+++ Data +++

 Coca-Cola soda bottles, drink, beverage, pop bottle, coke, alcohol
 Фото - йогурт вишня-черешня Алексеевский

+++
+++ Data +++

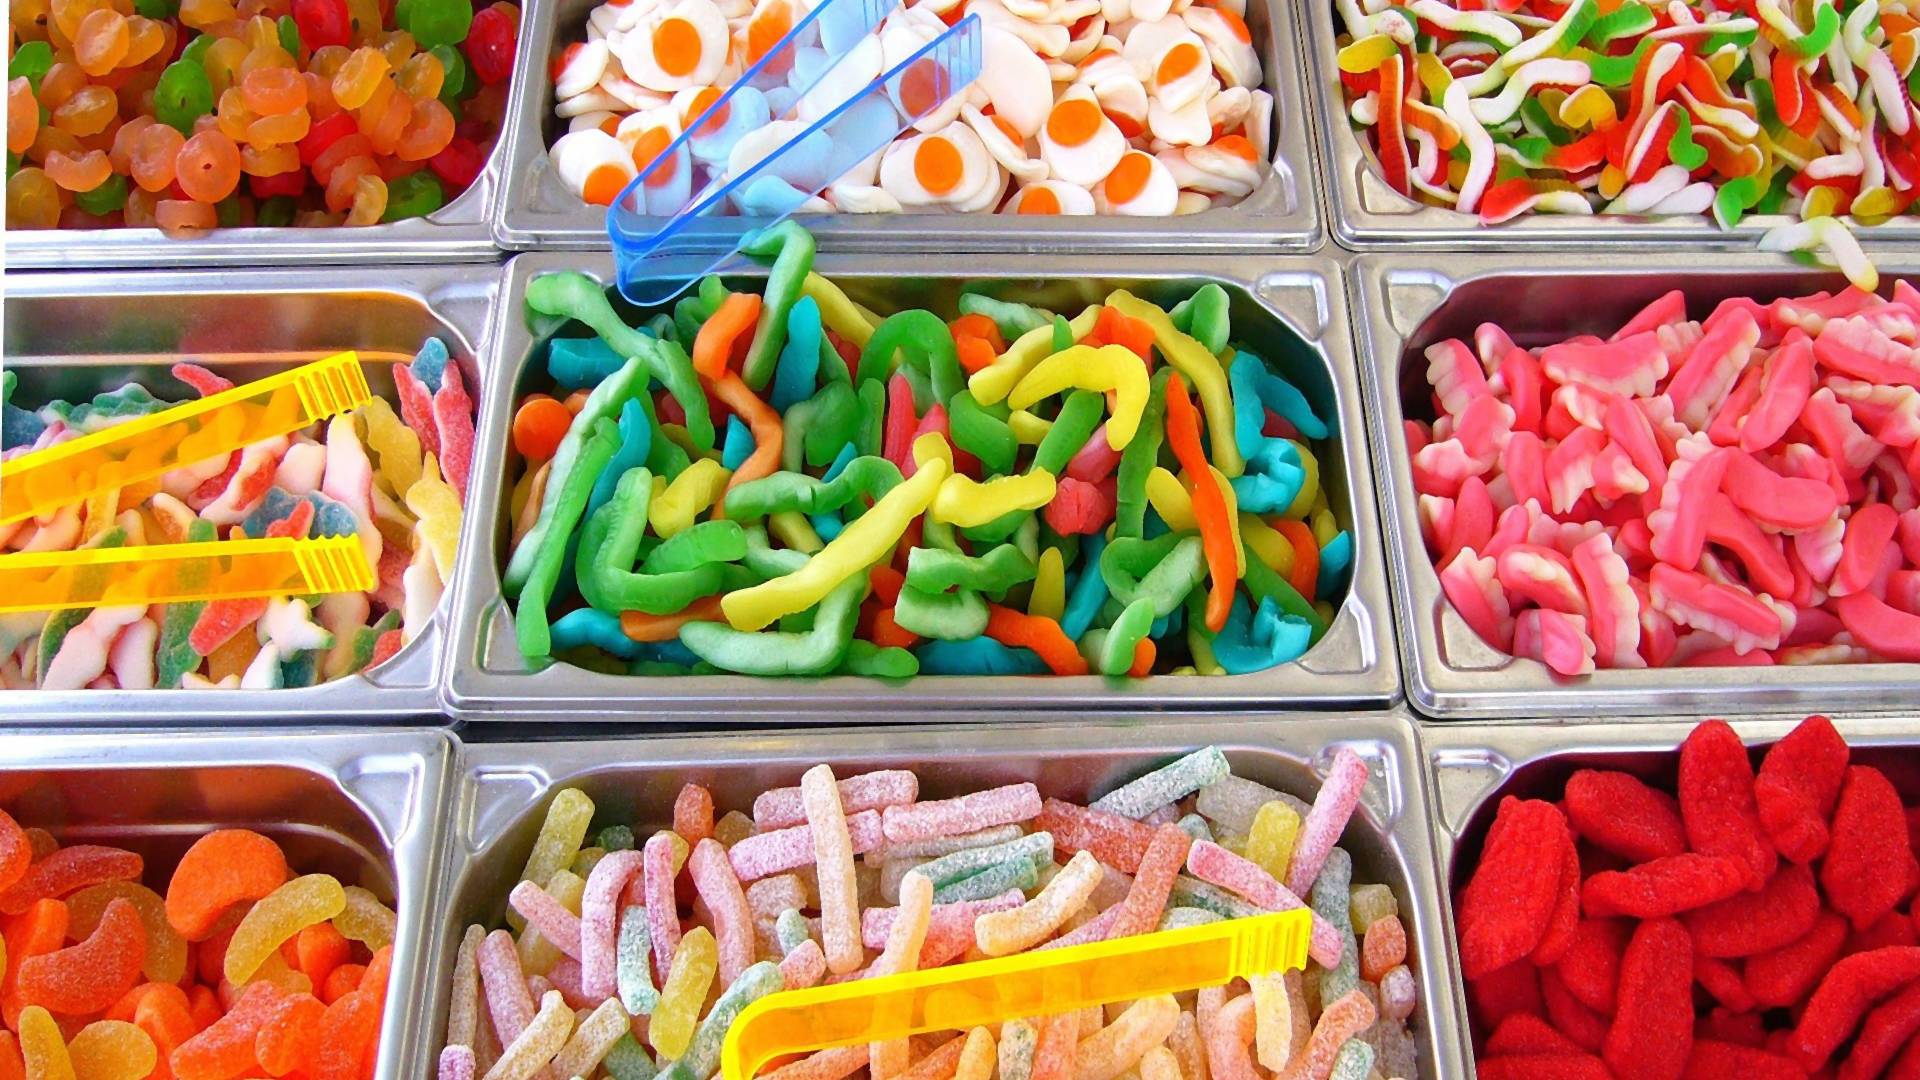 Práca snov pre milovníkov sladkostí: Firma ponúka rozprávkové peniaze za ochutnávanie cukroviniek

+++
+++ Data +++

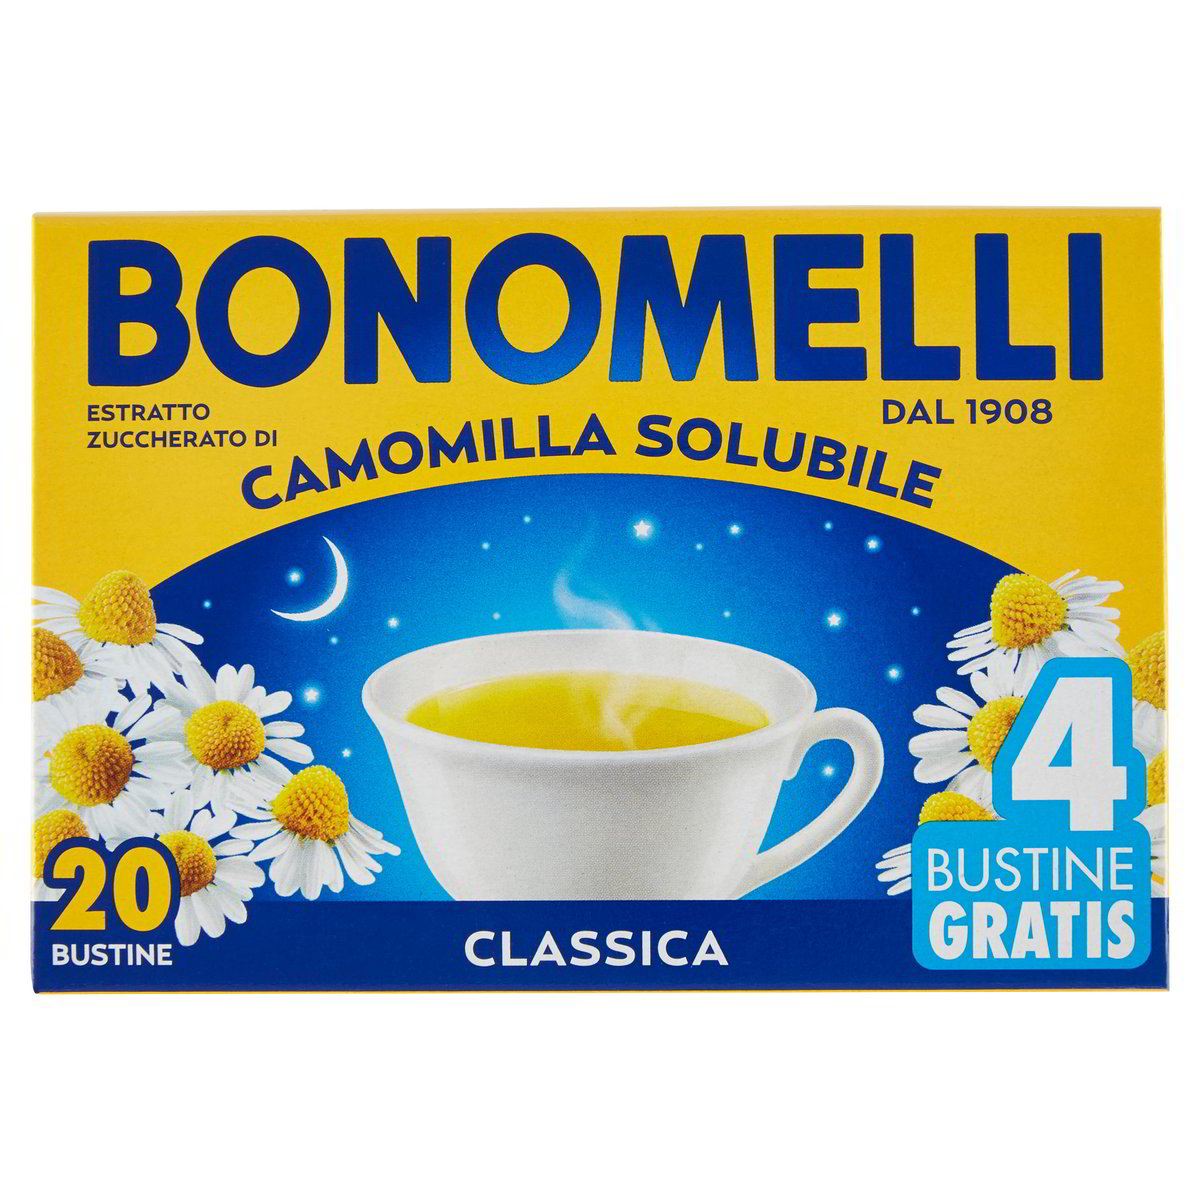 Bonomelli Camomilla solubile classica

+++

## What the task asks
All that is wanted is the stretch of lines above from the one containing "Coca-Cola soda bottles, drink, beverage, pop" through the one containing "Фото - йогурт вишня-черешня Алексеевский", duplicated exactly.

## The answer
 Coca-Cola soda bottles, drink, beverage, pop bottle, coke, alcohol
 Фото - йогурт вишня-черешня Алексеевский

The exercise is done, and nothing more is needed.